A new name could be constructed on the basis of (1)
a fundamental biological mechanism, (2) a pathognomonic
clinical feature, (3) a crucial psychological dysfunction,
or (4) an eponym. Bleuler wished that it was
option 1 but in the end settled for 2. The problem today is
that there is not yet a scientific conclusion about either the
disease's fundamental biological mechanism or its
pathognomonic clinical feature. In regard to option 3,
Kraepelin regarded dementia praecox as primarily a disorder
of intellectual function (as opposed to manic-depressive
illness, which was primarily a disorder of affect), and
the field is now going through a "cognitive period" in the
interpretation of the disease (e.g., Andreasen 1999).

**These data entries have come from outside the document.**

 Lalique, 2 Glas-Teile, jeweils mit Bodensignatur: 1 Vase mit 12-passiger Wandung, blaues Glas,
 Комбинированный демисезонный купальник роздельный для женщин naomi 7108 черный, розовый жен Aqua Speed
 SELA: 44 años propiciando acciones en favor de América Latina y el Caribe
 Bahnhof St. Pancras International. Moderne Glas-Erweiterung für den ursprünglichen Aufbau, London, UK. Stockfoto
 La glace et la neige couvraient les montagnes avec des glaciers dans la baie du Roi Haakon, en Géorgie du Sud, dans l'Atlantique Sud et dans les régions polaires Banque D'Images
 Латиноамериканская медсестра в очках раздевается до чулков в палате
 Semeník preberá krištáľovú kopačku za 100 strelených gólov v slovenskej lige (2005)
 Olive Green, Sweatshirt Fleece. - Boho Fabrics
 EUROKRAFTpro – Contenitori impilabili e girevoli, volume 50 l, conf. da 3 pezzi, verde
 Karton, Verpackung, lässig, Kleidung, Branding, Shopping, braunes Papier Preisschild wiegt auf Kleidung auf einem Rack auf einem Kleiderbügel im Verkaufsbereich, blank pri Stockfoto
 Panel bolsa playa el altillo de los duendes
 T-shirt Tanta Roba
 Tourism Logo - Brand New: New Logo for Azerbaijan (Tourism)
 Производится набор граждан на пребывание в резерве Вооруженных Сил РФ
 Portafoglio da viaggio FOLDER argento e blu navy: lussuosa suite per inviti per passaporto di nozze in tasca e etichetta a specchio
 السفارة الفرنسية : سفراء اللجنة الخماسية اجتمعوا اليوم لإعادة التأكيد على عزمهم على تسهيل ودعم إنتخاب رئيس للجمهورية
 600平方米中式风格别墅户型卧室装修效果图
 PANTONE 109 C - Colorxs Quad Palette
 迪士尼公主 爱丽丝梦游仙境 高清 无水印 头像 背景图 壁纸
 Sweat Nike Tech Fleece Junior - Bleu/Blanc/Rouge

However, grouping schizophrenia with the many dementias
currently described might be confusing, and a redefinition
of "cognition" in the future might leave many with
egg on their face. It would seem, therefore, that our scientific
ignorance precludes 1, 2, and 3 above.
What about 4? Eponyms are safe in that they are
proper names and avoid connotations altogether. History
shows that the disease was mainly identified by Kraepelin
and Bleuler. "Kraepelin's disease" already exists to name
a form of presenile dementia, and "Kraepelin-Morel's disease"
and "Bleuler's disease" (Morbus Bleuler is the original
term and is used in some parts of Germany) never
took off. "Bleuler's syndrome" already exists to name a
form of "organic delirious state." Under the circumstances
and provided that we all believe that schizophrenia will
survive as a unitary disease for the next 50 years, we may
want to rename schizophrenia "Kraepelin-Bleuler disease,"
or KBD for short.
"

A more difficult solution is to individualise diagnosis such that every
person has a diagnosis based on their name. So Stephen Fry didn't have
bipolar. He had "Stephen Fry of QI disorder." This is a ridiculous
concept on first appraisal however the state of science in the
psychiatric system and clinical practice means it is as useful to
classify a person as an individual with an individual experience of
life, an individual prognosis and response to treatment. It makes things
harder for psychiatrists to practice medicine but it solves the problem
of the stigma of labels, poor outcomes for conditions that are hard to
'treat' and encourages more openminded thinking.